PS. Не забывайте также читать комментарии, они открываются, если кликнуть мышкой на номер стиха.

----------


## Правислав

Позвольте спросить, всех ли джив ожидает такая учесть после оставления тела?

----------


## Гокуланатх дас

Разумеется нет. Это описание только для джив в теле человека, которые своими "доблестными" деяниями заслужили свидание с ямадутами. Об этом свидетельствует "он испускает мочу и кал" - то есть джива выходит из тела через нижние центры.
Благочестивые и духовные люди оставляют тело по-другому.

----------


## Правислав

> Благочестивые и духовные люди оставляют тело по-другому.


По-другому, это как?

----------


## Правислав

И ещё вопрос, почему так однозначно разделяете людей на грешников и благочестивых? В  жизни я не наблюдаю такого строгого разграничения. У каждого имеются свои грехи, сильные и слабые стороны, и таких условно 90%, оставшиеся 10% делят тамагунщики и саттвичные люди по-ровну. Меня интересует, что происходит со среднестатистическим человеком, таким как я, например.)

----------


## Гокуланатх дас

По-другому - это значит что за ними приходят вишнудуты (если им пора уже домой) или представители высших планет, если им туда. Соответственно, джива при этом оставляет тела через верхние центры и страха не испытывает.
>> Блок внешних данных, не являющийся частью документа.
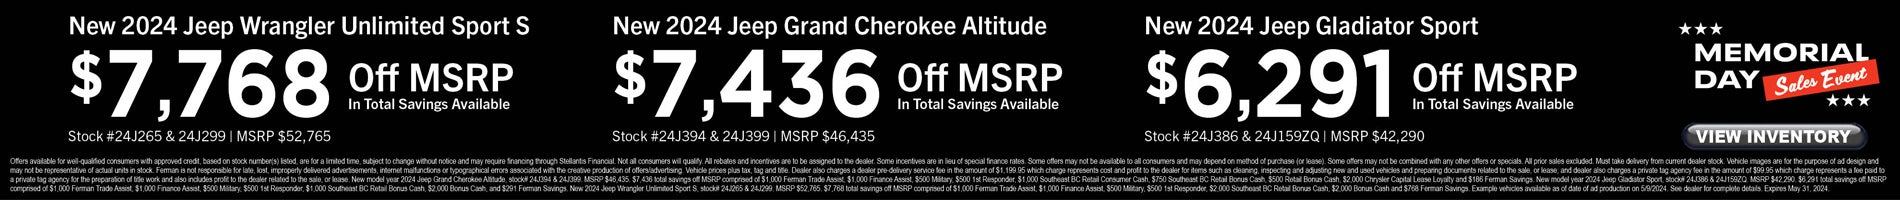 May Savings on New Jeep Gladiator, Wrangler & Grand Cherokee
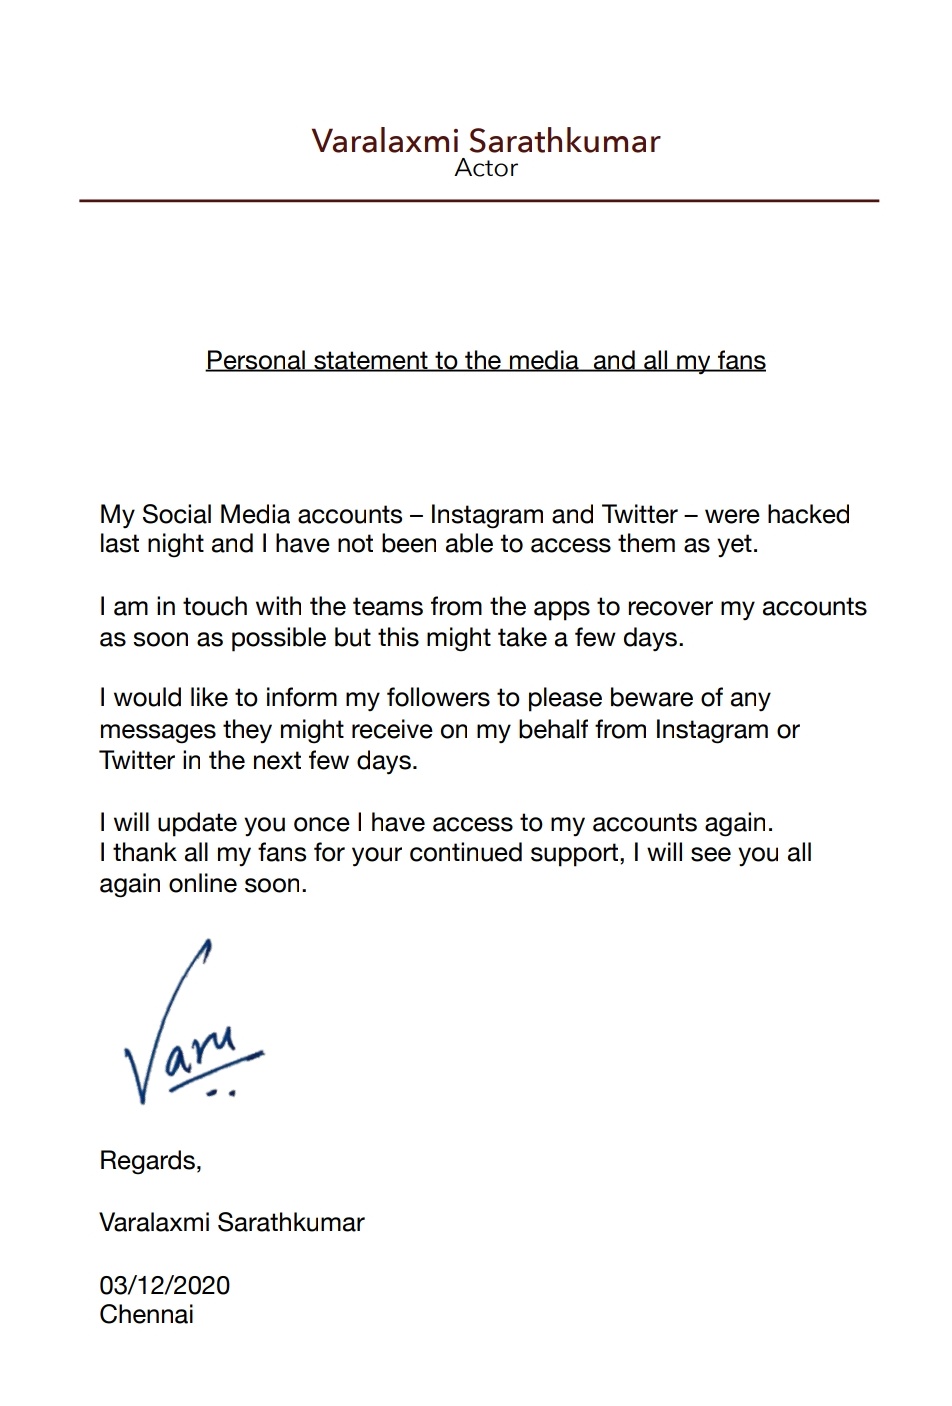 Actress Varalaxmi Sarath Kumar social media accounts hacked.

Современный среднестатистический человек, с точки зрения законов природы, является негодяем. То, что для современной "культуры" норма (мясоедение, интоксикации, незаконный секс) - вовсе не норма для Ямараджа, ему без разницы, что это разрешено законами государства и поощряется оным. 
С другой стороны, я тоже не уверен, что вот так вот сразу в ад... где-то слышал, что процесс постепенный, сначала из "цивилизованного" человека он попадает в тело человека более низкого уровня - бомжа, дикаря и т.п., а потом уже и в животное (через ад).

----------


## Дмитрий Казиков

В знаменитой Ведической книге смерти, часть из Гаруды-пураны,  есть главы описывающие судьбу не только грешников.

----------


## Правислав

Перечитал книгу мёртвых. Нашёл один абзац про "небесное царство", куда попадают благочестивые люди и прибывают там несколько веков до нового воплощения. Вопрос не раскрыт. Все люди делятся на благочестивых и грешников? Среднего варианта нет? Что такое "небесное царство"? Когда люди в состоянии клиническо смерти видят своих родственников, это ямадуты? Чем душа занимается после смерти между воплощениями и как узнаёт, что пора воплощаться? Изинит за большое количество вопросов. Но мне это интересно, т.к. до Голоки Вриндавана боюсь я не допрыгну.))

----------


## Правислав

В фильме "Веды и Единая Картина Мира" было сказано, что душа между воплощениями находится в бессознательном положении. Правильно ли я понял, что душа в "небесном царстве" находися в бессознательном состоянии? В чём смысл такого существования?

----------


## ЕвгенийК

> И ещё вопрос, почему так однозначно разделяете людей на грешников и благочестивых? 
> В  жизни я не наблюдаю такого строгого разграничения. У каждого имеются свои грехи, сильные и слабые 
> стороны, и таких условно 90%, оставшиеся 10% делят тамагунщики и саттвичные люди по-ровну. Меня интересует, 
> что происходит со среднестатистическим человеком, таким как я, например.)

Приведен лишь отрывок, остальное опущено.